On the night of 3/4 December 1991, neighbors of her apartment in the Lichtenberg borough of eastern Berlin reported loud arguments, barking dogs and many men coming and going to police. When they arrived, they found Ulbricht's body, with facial injuries and showing signs of prolonged alcohol abuse. She had either fallen or been beaten; the manner of death, whether an accident or homicide, has never been determined. If she was murdered, her death has been linked to that of a man, said to have once been her lover, found stabbed in his burnt apartment almost two years later. Lotte Ulbricht was apparently unsurprised, saying "Fancy that ...", when a reporter visited her to inform her of her daughter's death.

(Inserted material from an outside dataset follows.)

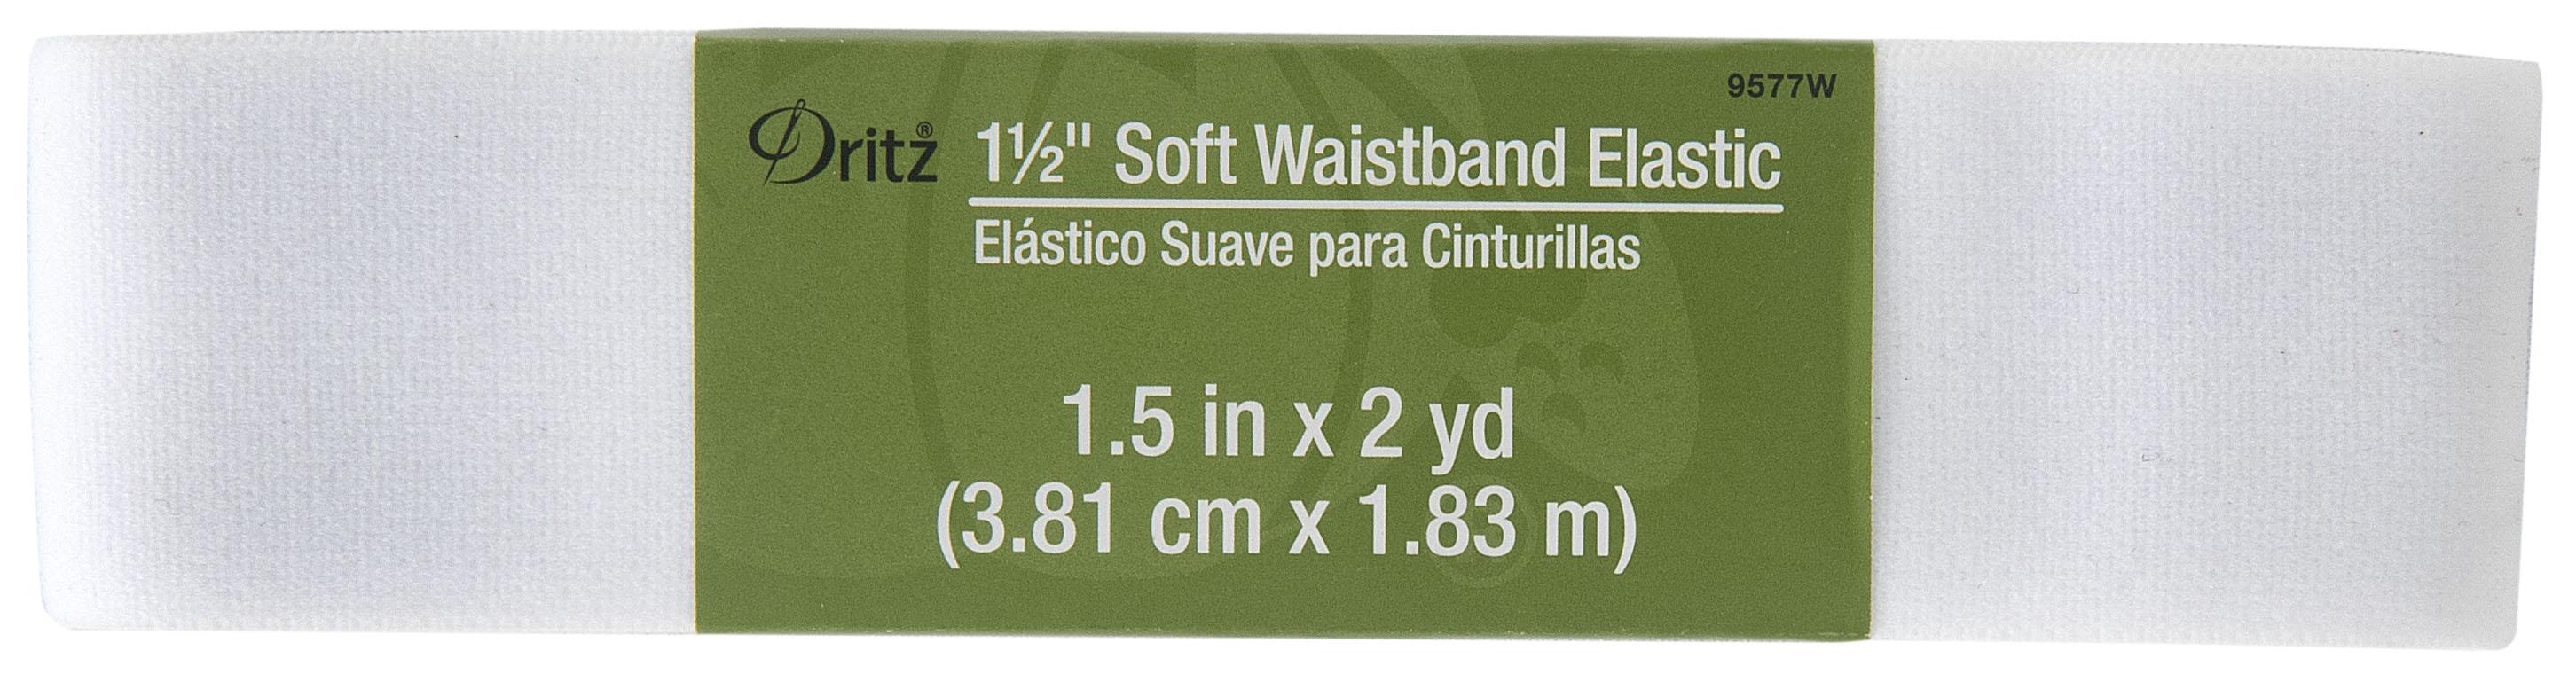 Dritz - 1 1/2in x 2yds Inch Soft Waistband Elastic White

==Relationship with adoptive parents==
Upon Ulbricht's adoption, she was expected to play her part as a member of the model East German socialist family. Lotte Ulbricht wrote to adoption authorities that she aspired to raise her daughter into a "valuable member of the new Germany." According to her housekeeper, "[she] wanted above all for [Beate Ulbricht] to be the best." Public and private pressures became increasingly burdensome to her as she got older. When in her teenage years she began to rebel against her parents, she was punished by being sent to study in the Soviet Union.

After Ulbricht wed her first husband, she was subjected to a campaign of harassment by East German authorities. Her parents revoked her privileges, cut off further contact, and forced her to work as a solderer at the VEB Stern-Radio plant in Berlin. She learned after her father's death that she had been disinherited from his will.

Ulbricht spoke warmly about her adoptive father, Walter, who had treated her well and doted upon her. But she referred to her mother, Lotte, as "the hag," calling her "cold-hearted and egotistic." According to her, Walter Ulbricht married Lotte on the orders of Stalin.